The tangle of groups made it seem as though Koch money was being diffused broadly, but tax records show it flowed into many smaller groups at a high level of concentration. At least 20 nonprofits across the country received at least half of their revenue from the Center, Freedom Partners or both.
Americans for Responsible Leadership, a group run by a friend of Noble’s, got $24.7 million in grants from the Center, or almost 98 percent of its revenue.
Noble helped to run or incorporate no less than three groups named American Commitment at one point or another. One of them got almost 97 percent of its $11.7 million in revenue in 2012 from the Center, Freedom Partners and Americans for Responsible Leadership.
The American Future Fund, which pulled in a whopping $68 million in 2012, got more than 92 percent of that money from Freedom Partners and the Center.
On their 2012 tax returns, signed under penalty of perjury, the Center and Freedom Partners told the IRS they were not engaged in politics, checking “no”to a question asking if they had spent money to influence elections. Freedom Partnerssaid its grants were “subject to express prohibitions or protections against the use of grant funds for electioneering purposes.” The Center said that it gave grants to groups for education and social welfare — not politics.
Yet, in fact, more than $30 million funneled through these groups ended up paying for political activities. According to tax and FEC records, the American Future Fund poured at least $19.8 million from the Center and Freedom Partners into elections. Americans for Responsible Leadership spent at least $9.3 million received from the Center. American Commitment spent at least $1.1 million of its grants from Freedom Partners and the Center on politics.

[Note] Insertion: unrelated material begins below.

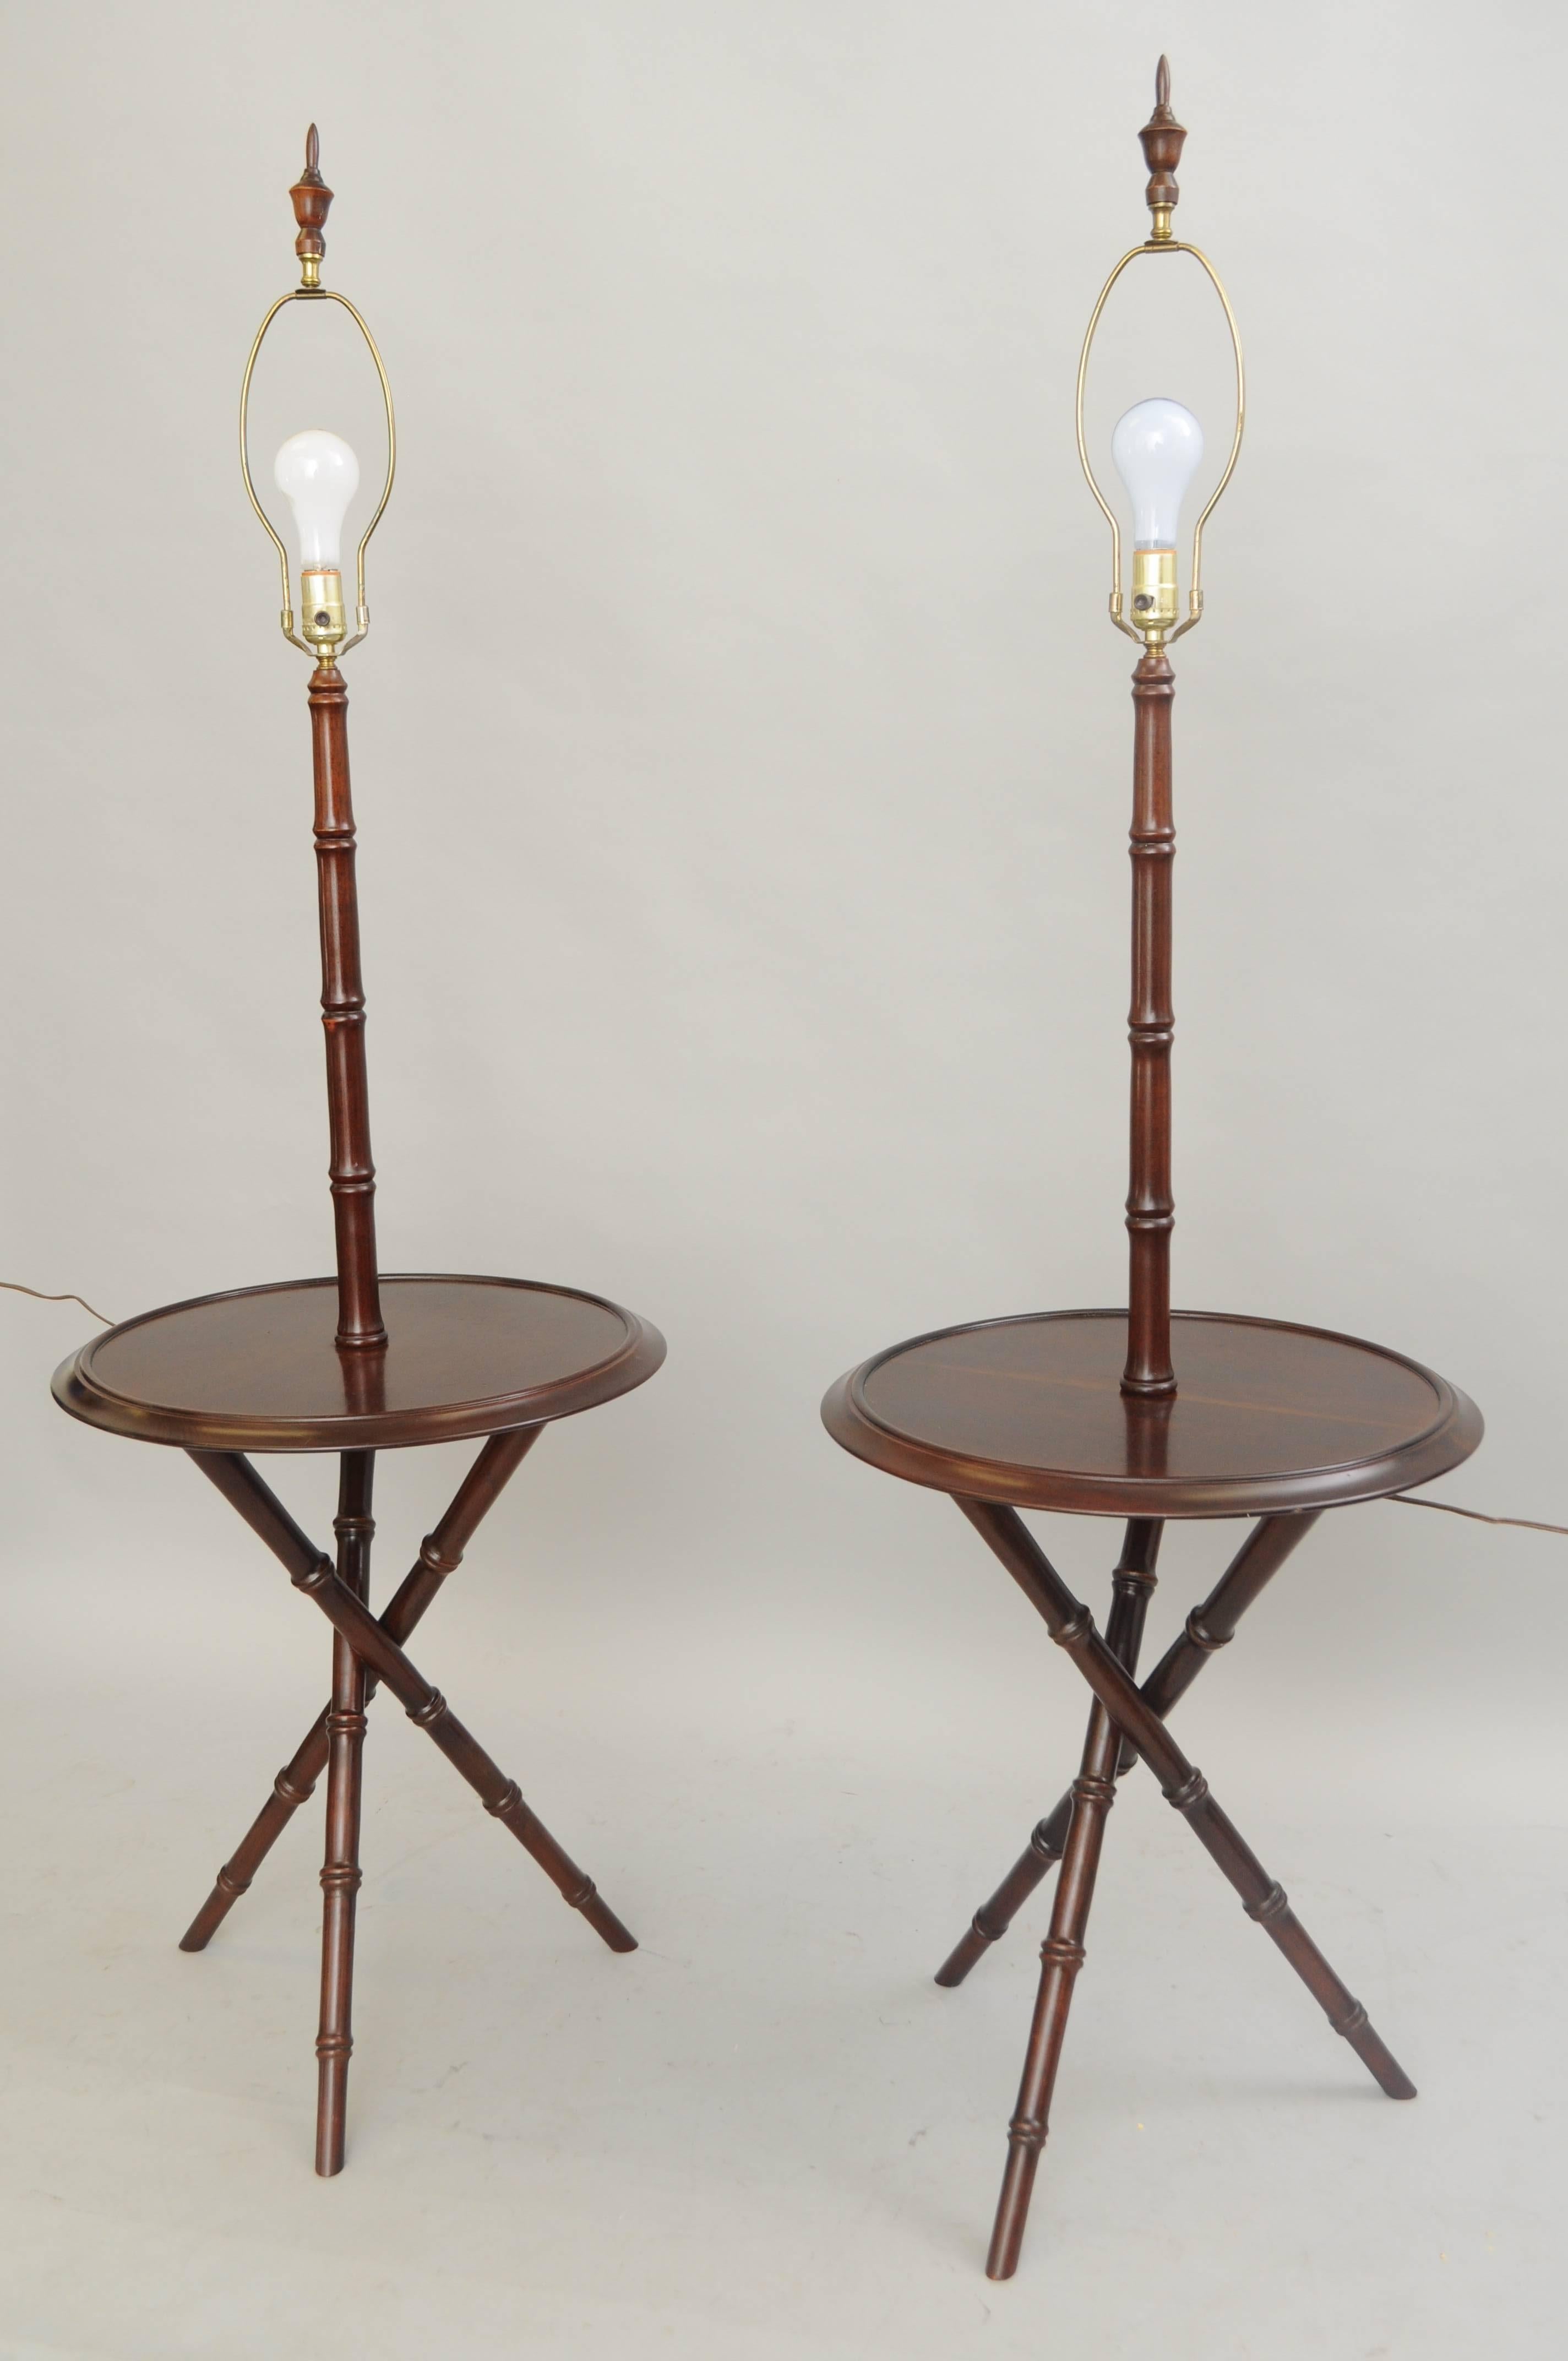 20th Century Pair of Chinese Chippendale Faux Bamboo Wood Tripod Floor Lamp Round End Tables

No one from Freedom Partners, Americans for Responsible Leadership or the American Future Fund returned calls and emails asking for comment.
Phil Kerpen, the president of American Commitment, told ProPublica that the allegation that American Commitment had spent grant money earmarked for social welfare purposes on politics was “false.” He described what the Center and Freedom Partners had said on their tax returns as “general characterizations” of their grants.
“All our political expenditures were out of our organization’s general treasury,” Kerpen said.
Nonprofit experts said groups like the Center are supposed to make sure their money is used as earmarked.
“The grantor is responsible for how the grants are used because it’s the grantor’s money,” said Lloyd Hitoshi Mayer, a law professor and associate dean at the University of Notre Dame who specializes in nonprofits and campaign finance.
If a grant is improperly administered, the group that gave it could become the subject of an IRS audit.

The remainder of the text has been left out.